▸ Records for the exercise:
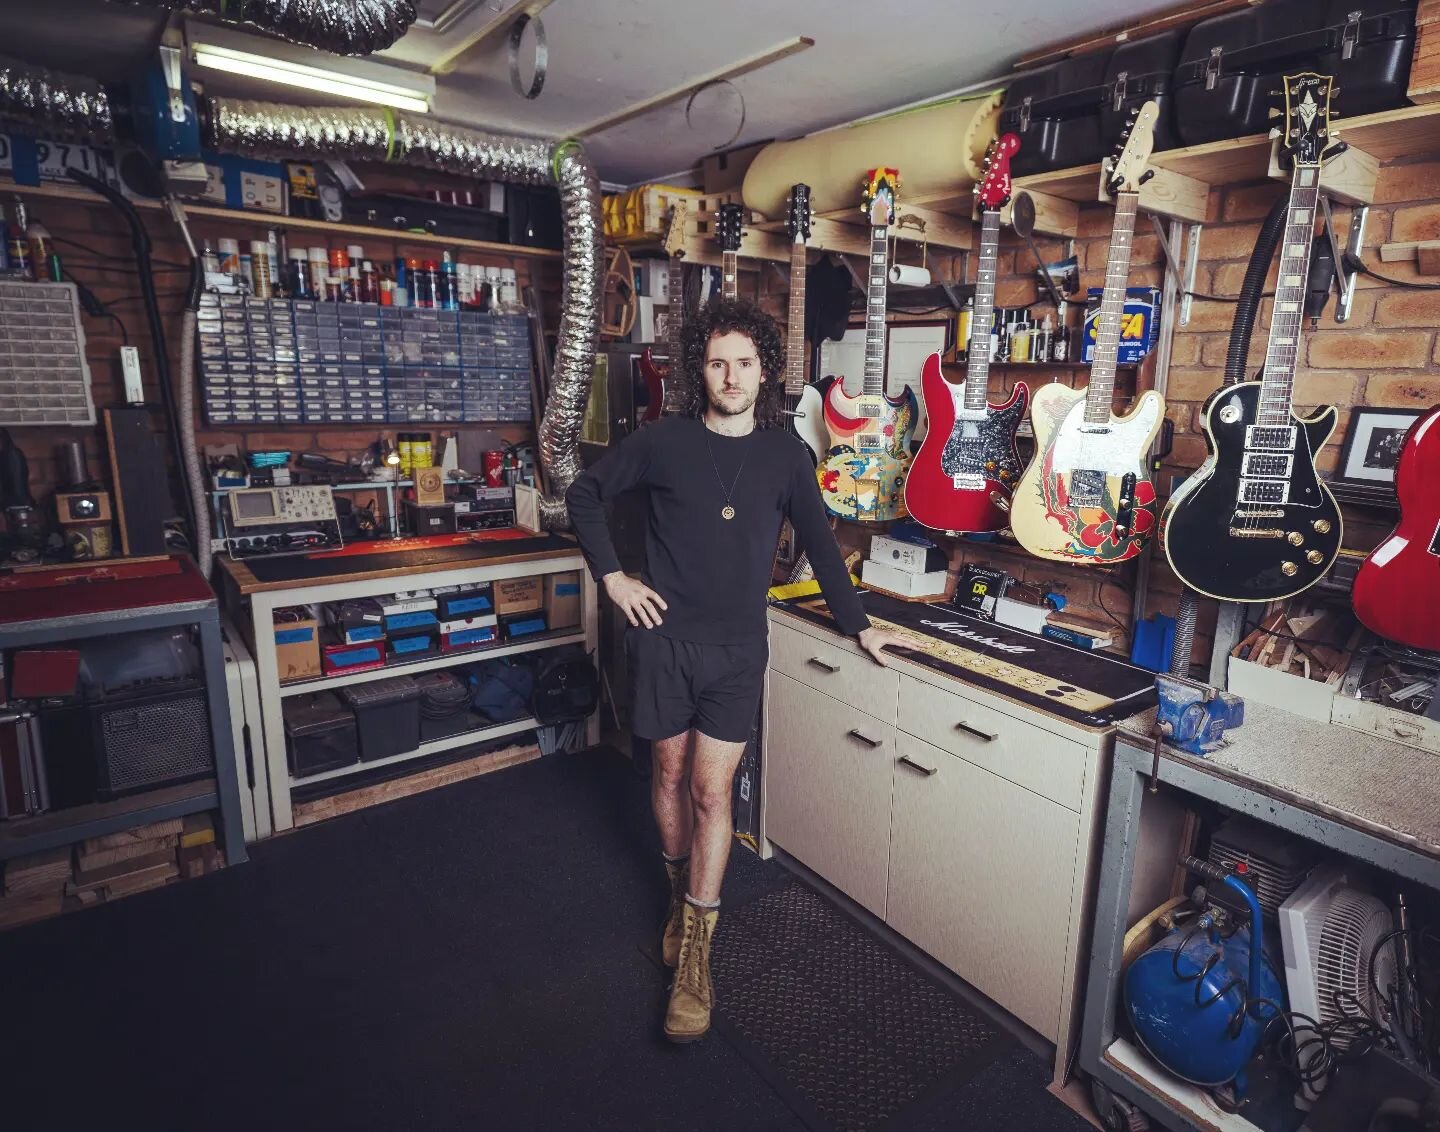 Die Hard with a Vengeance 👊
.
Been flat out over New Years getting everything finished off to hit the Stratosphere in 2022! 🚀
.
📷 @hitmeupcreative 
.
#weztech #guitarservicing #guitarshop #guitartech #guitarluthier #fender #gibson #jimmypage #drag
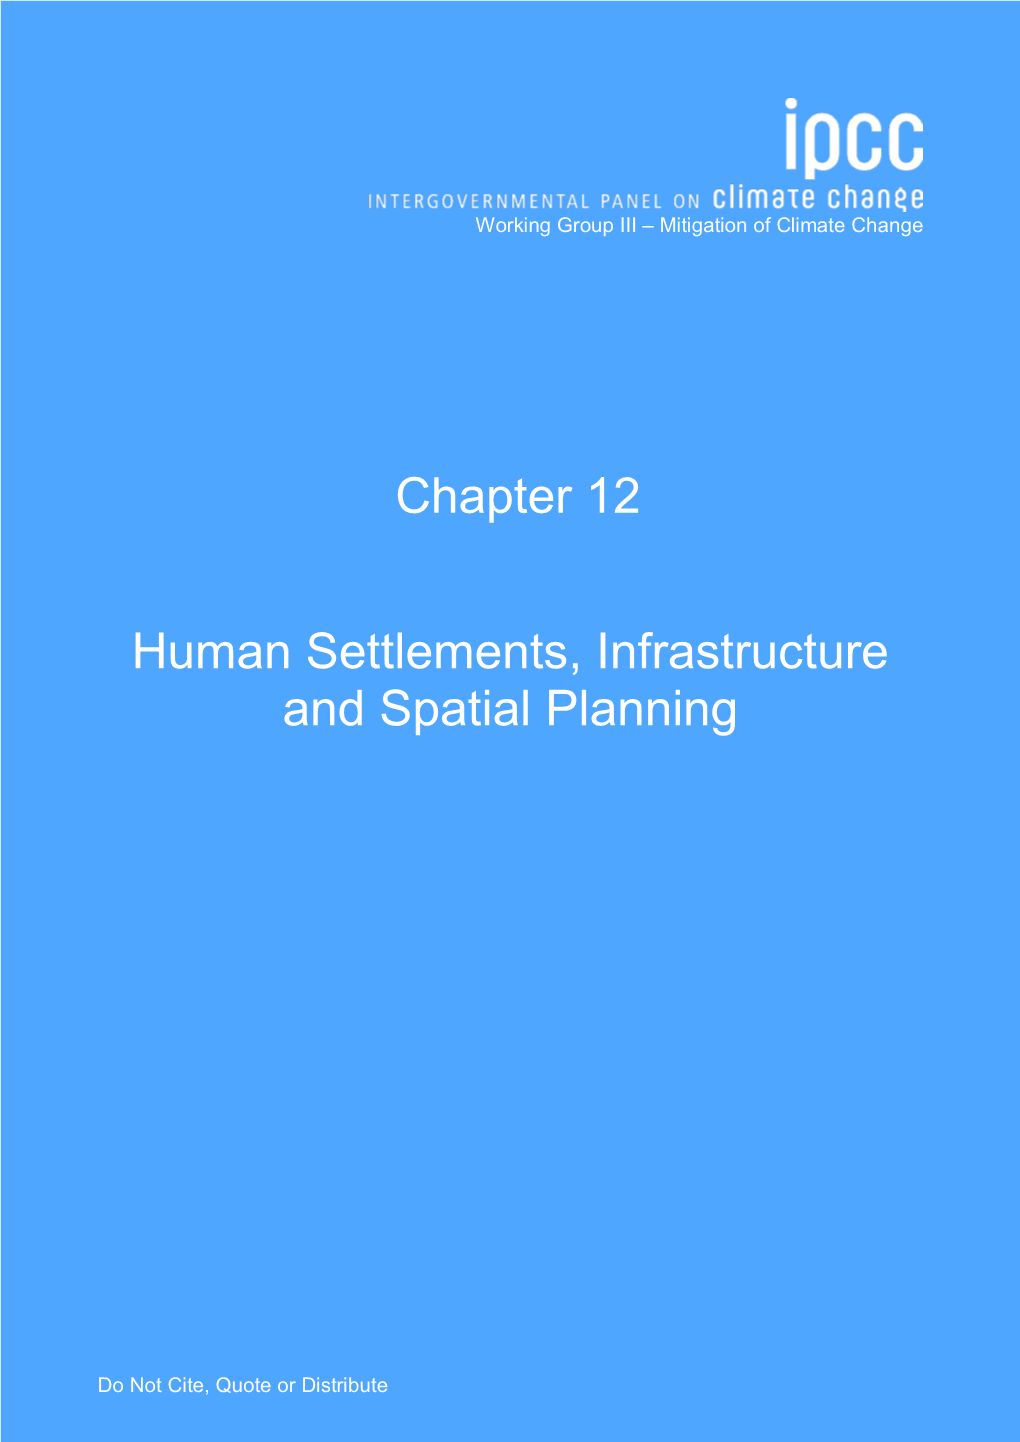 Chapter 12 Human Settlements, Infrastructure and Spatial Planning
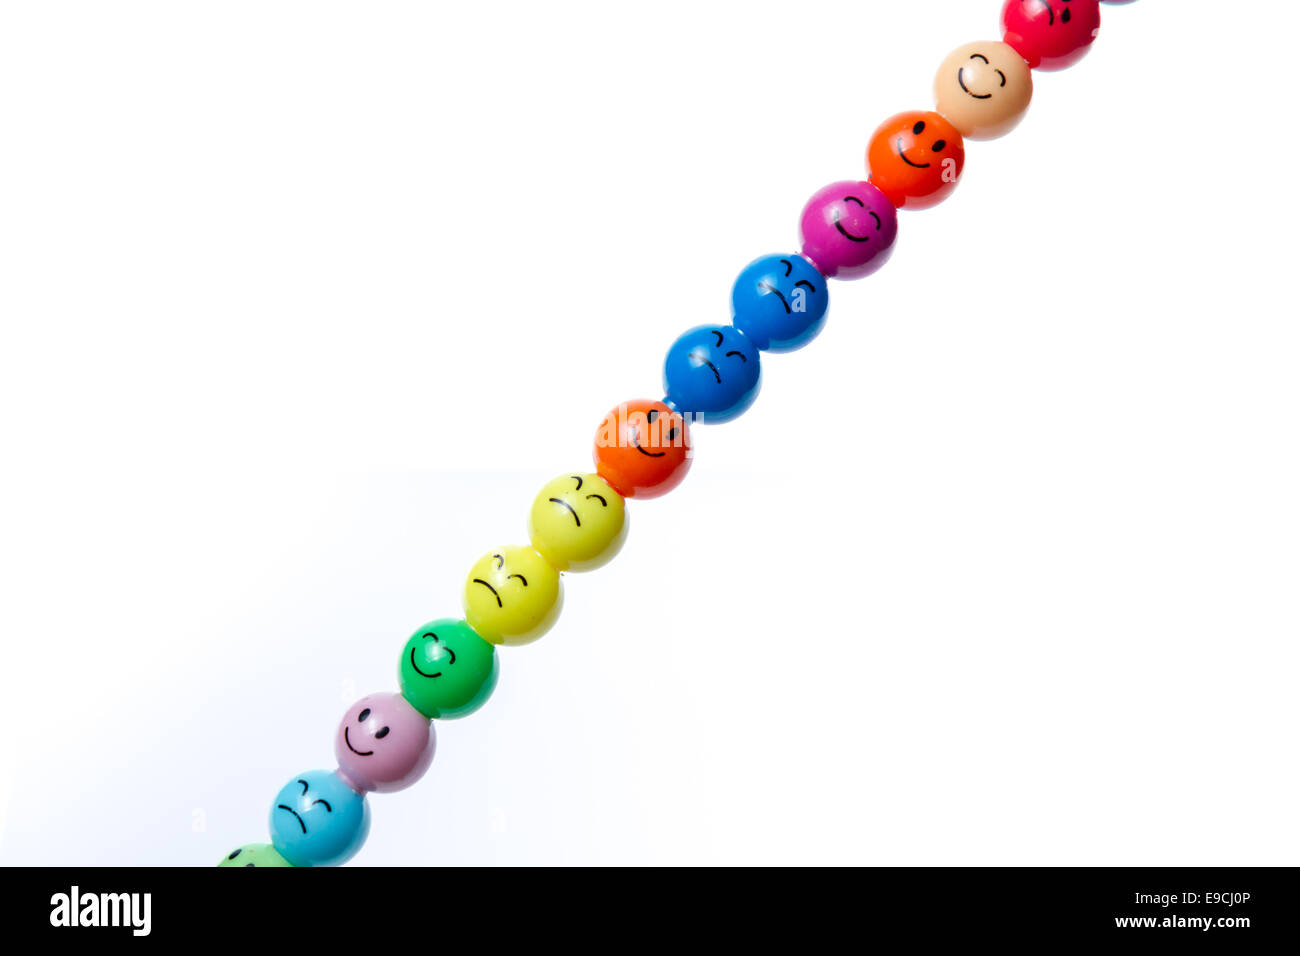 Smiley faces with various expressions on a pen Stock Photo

* * *

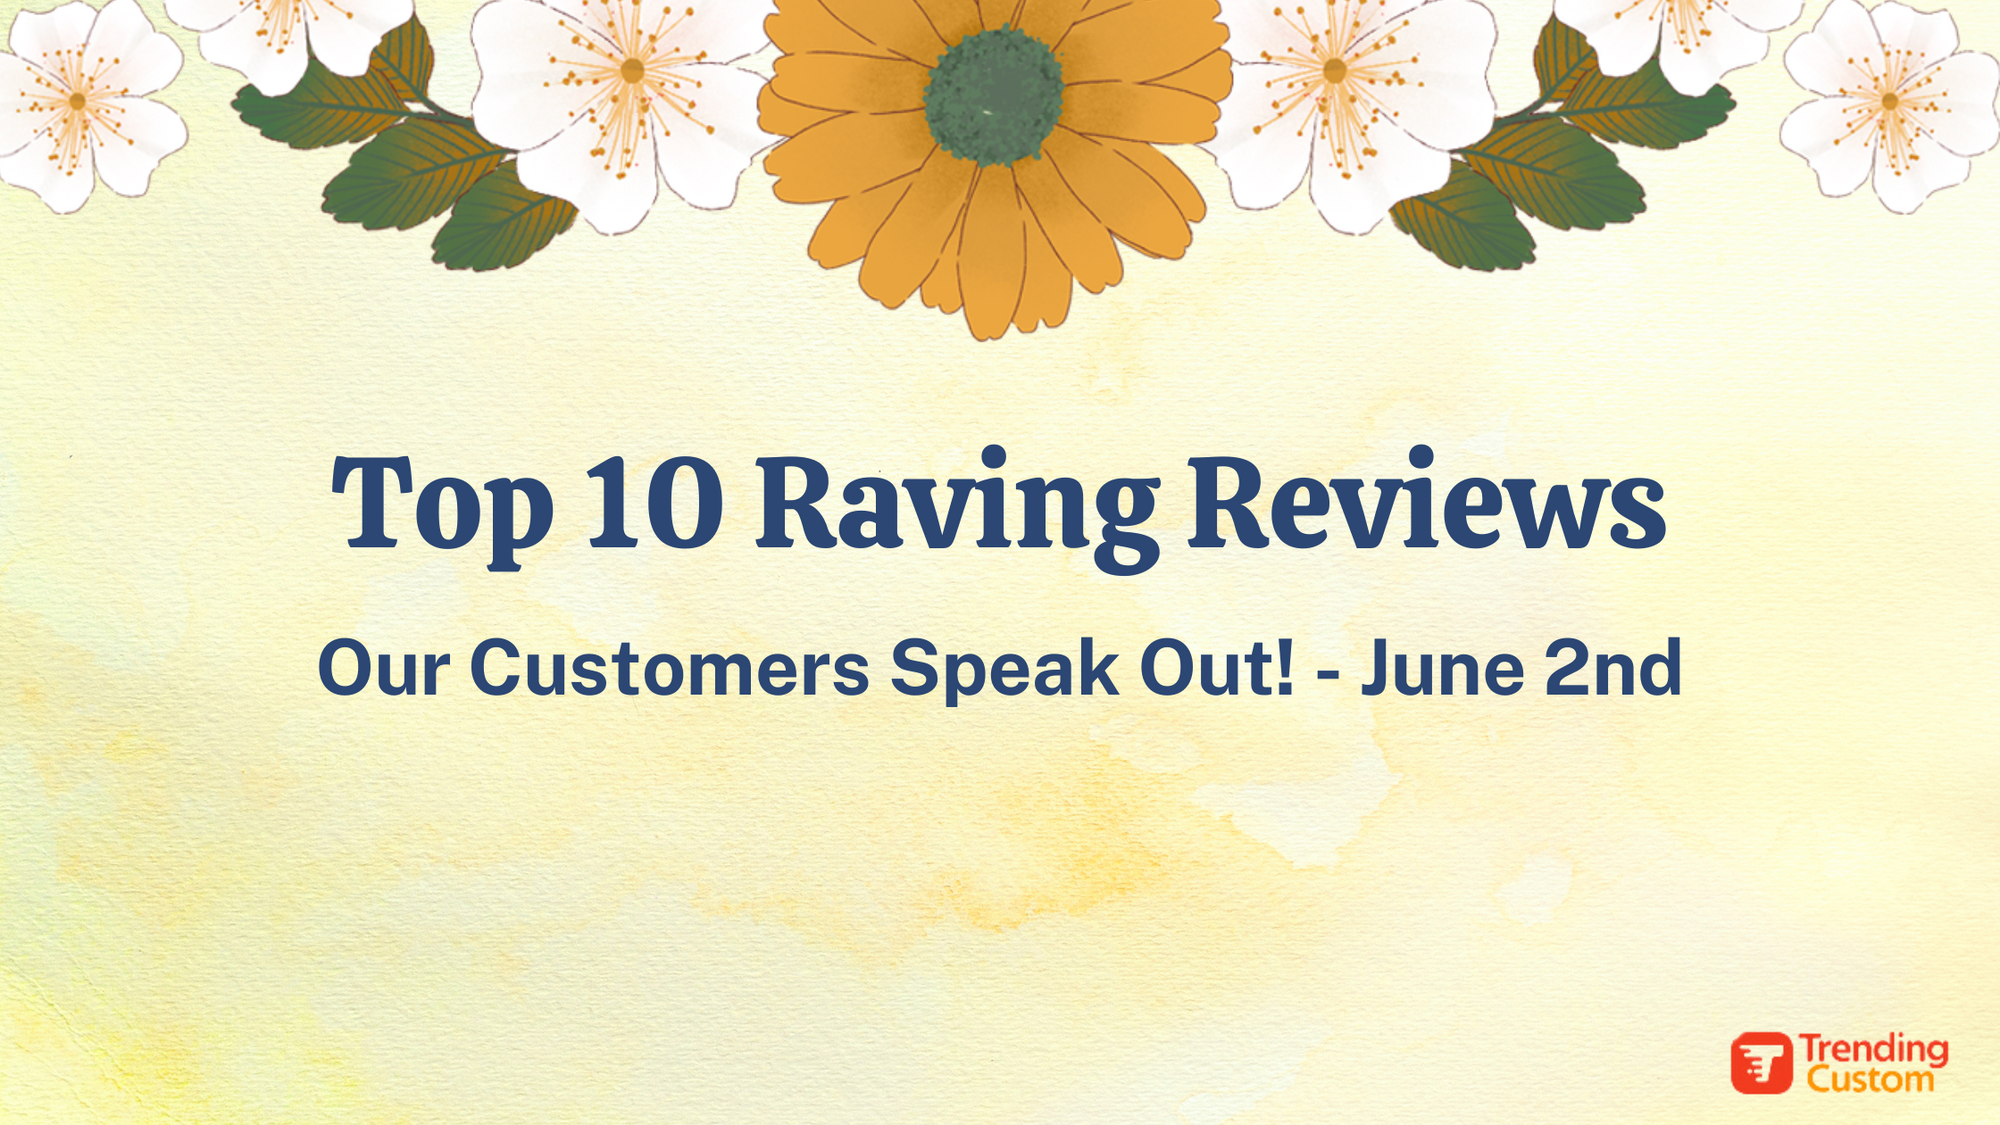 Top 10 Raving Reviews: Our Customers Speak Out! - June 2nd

--

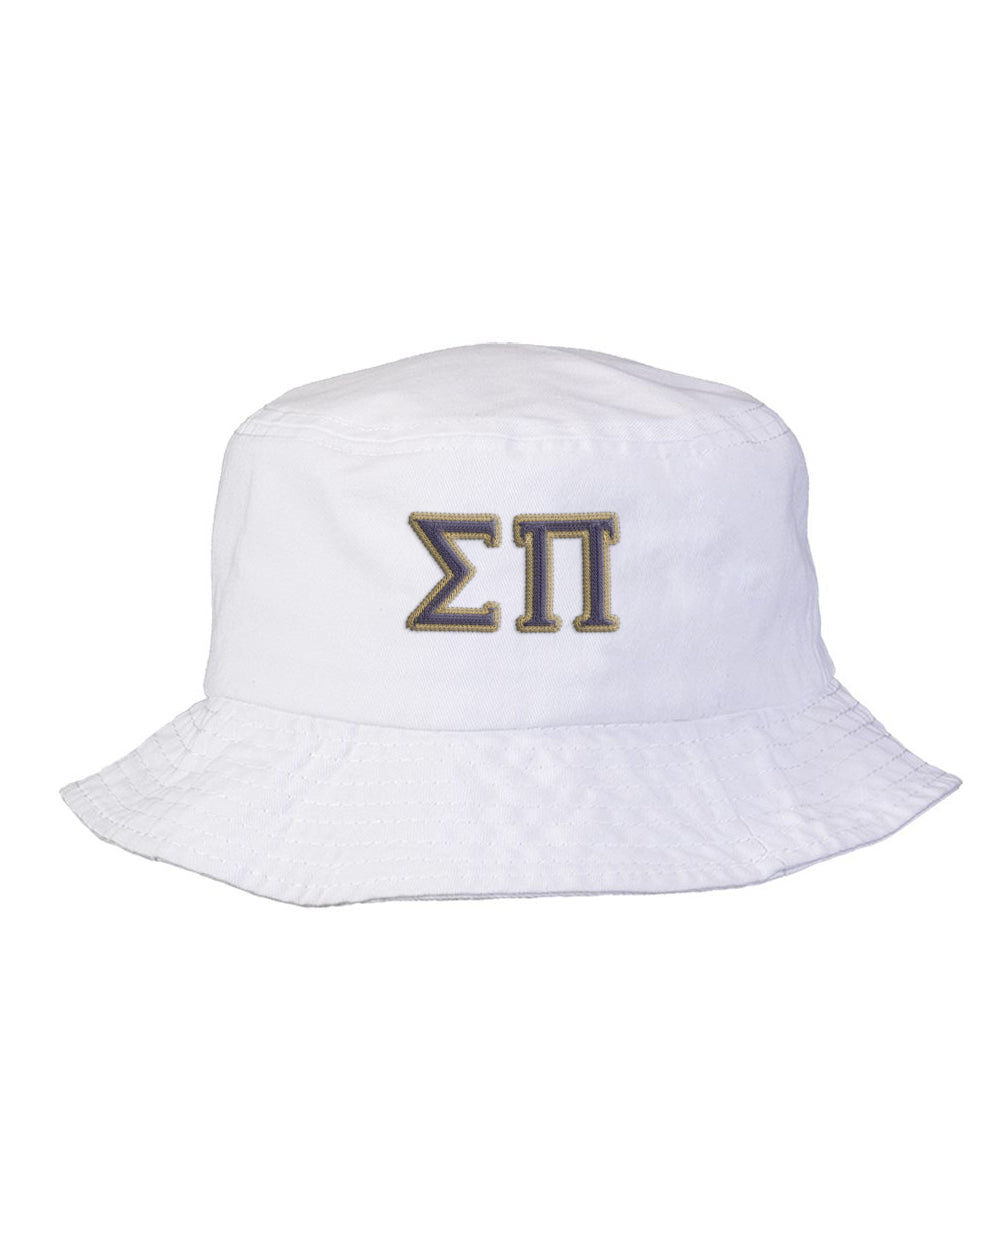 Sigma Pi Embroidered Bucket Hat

▸ Exercise directions:
Among the entries above, copy exactly the stretch from the line holding "Die Hard with a Vengeance 👊" through the line holding "#weztech #guitarservicing #guitarshop", leaving out any pictures.

▸ Solution for this problem:
 Die Hard with a Vengeance 👊
.
Been flat out over New Years getting everything finished off to hit the Stratosphere in 2022! 🚀
.
📷 @hitmeupcreative 
.
#weztech #guitarservicing #guitarshop #guitartech #guitarluthier #fender #gibson #jimmypage #drag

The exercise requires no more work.